David Makovsky, director of the Koret Project on Arab-Israel Relations at The Washington Institute for Near East Policy, said while he too recognized the problems, it was wrong to lump the PA and Hamas together.
“You need to drill down and ask what Israel’s legitimate concerns about the PA are,” he said. “Is the PA annoying? Yes. Have they condemned Oct. 7? No. In addition, the speeches of Abbas have sometimes been outrageous, but there needs to be some context in that Israel and the PA have worked very well together for nearly 30 years.”
Makovsky pointed out that much of the cooperation, including in security, economic, and civil matters, happens behind the scenes, so no one on either side sees it happening.

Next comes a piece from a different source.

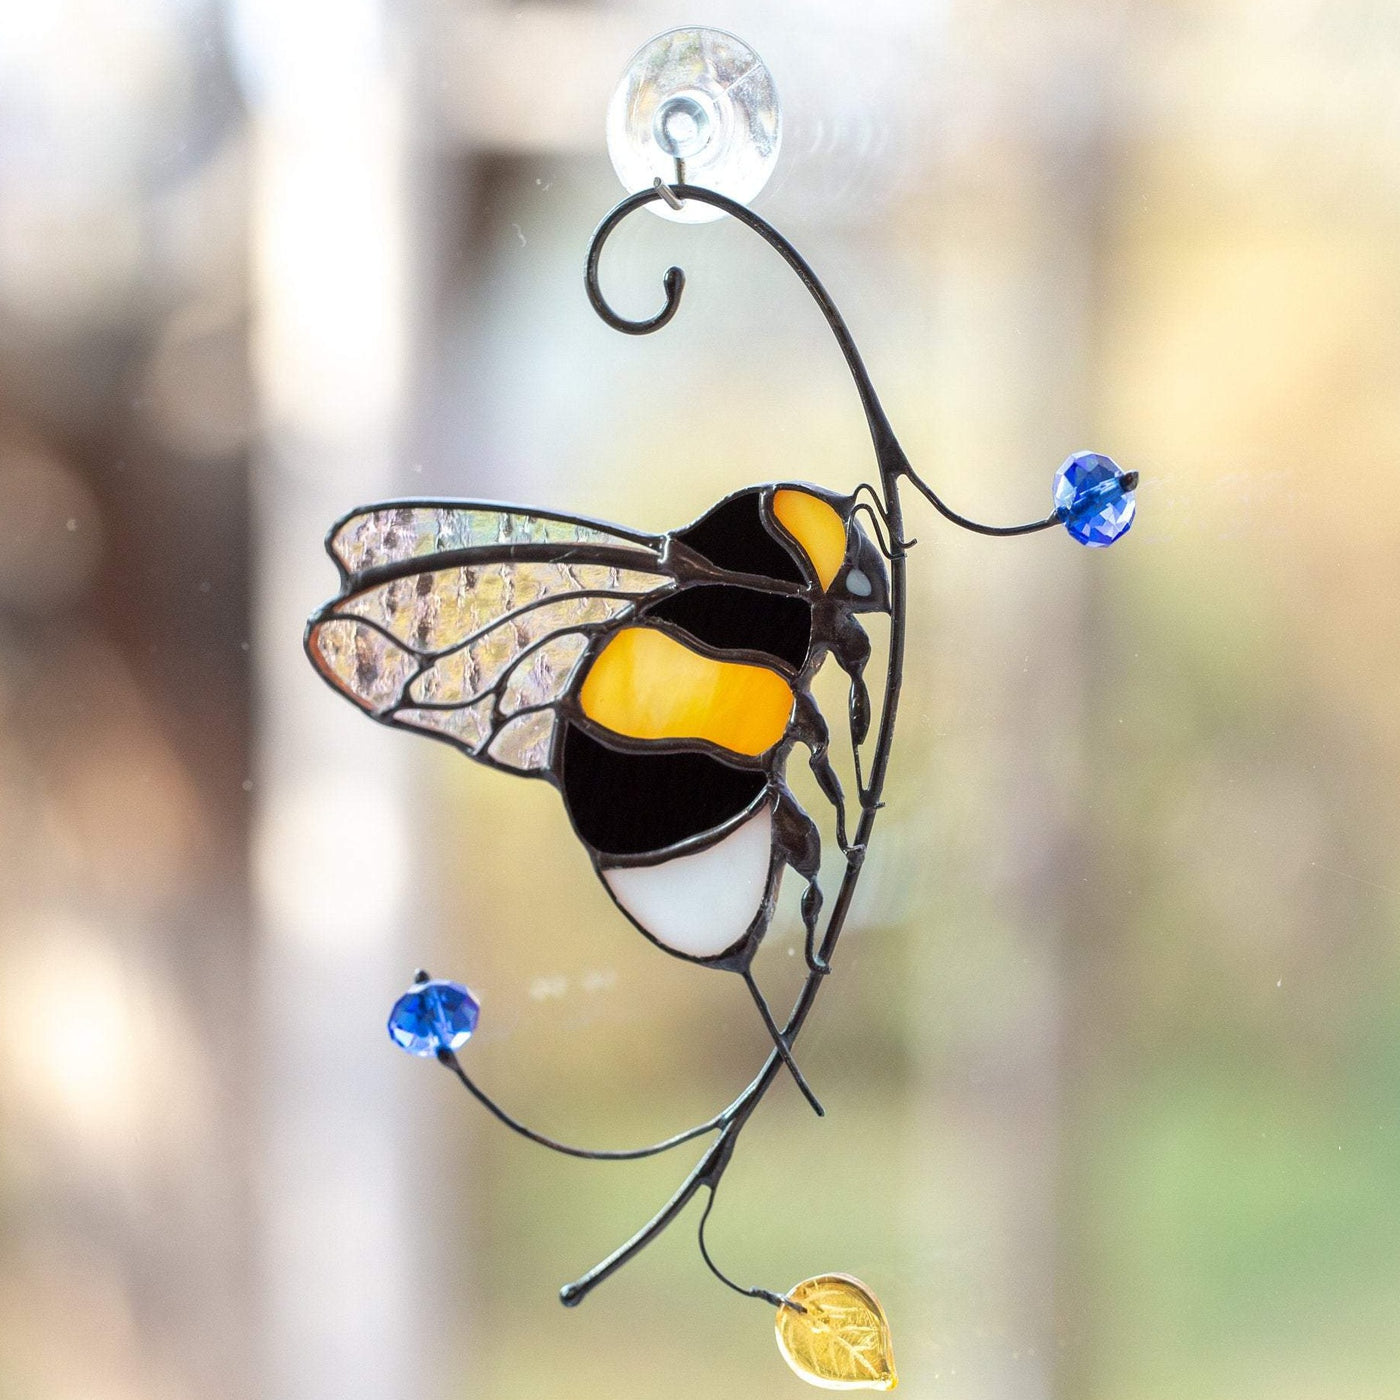 Stained glass suncatcher of a bumblebee with clear wings

“There is also the difference that the PA is willing to negotiate for peace along the 1967 borders, while Hamas says its goal is the pre-1948 borders, which means no Israel at all,” he said, adding that another difference is that hundreds of Israelis who mistakenly enter Palestinian territory each year are returned to Israel by the PA security forces, while Hamas is actively looking for Israelis to kidnap – as happened on Oct. 7 – in exchange for its security prisoners.
“I think if you asked Israel’s security establishment, they would advocate for the PA, their view is that coordination with the PA is in Israel’s interest, and they do remain a counterweight to Hamas,” said Makovsky. “Israel could never work with Hamas but it can work with the PA,” he claimed.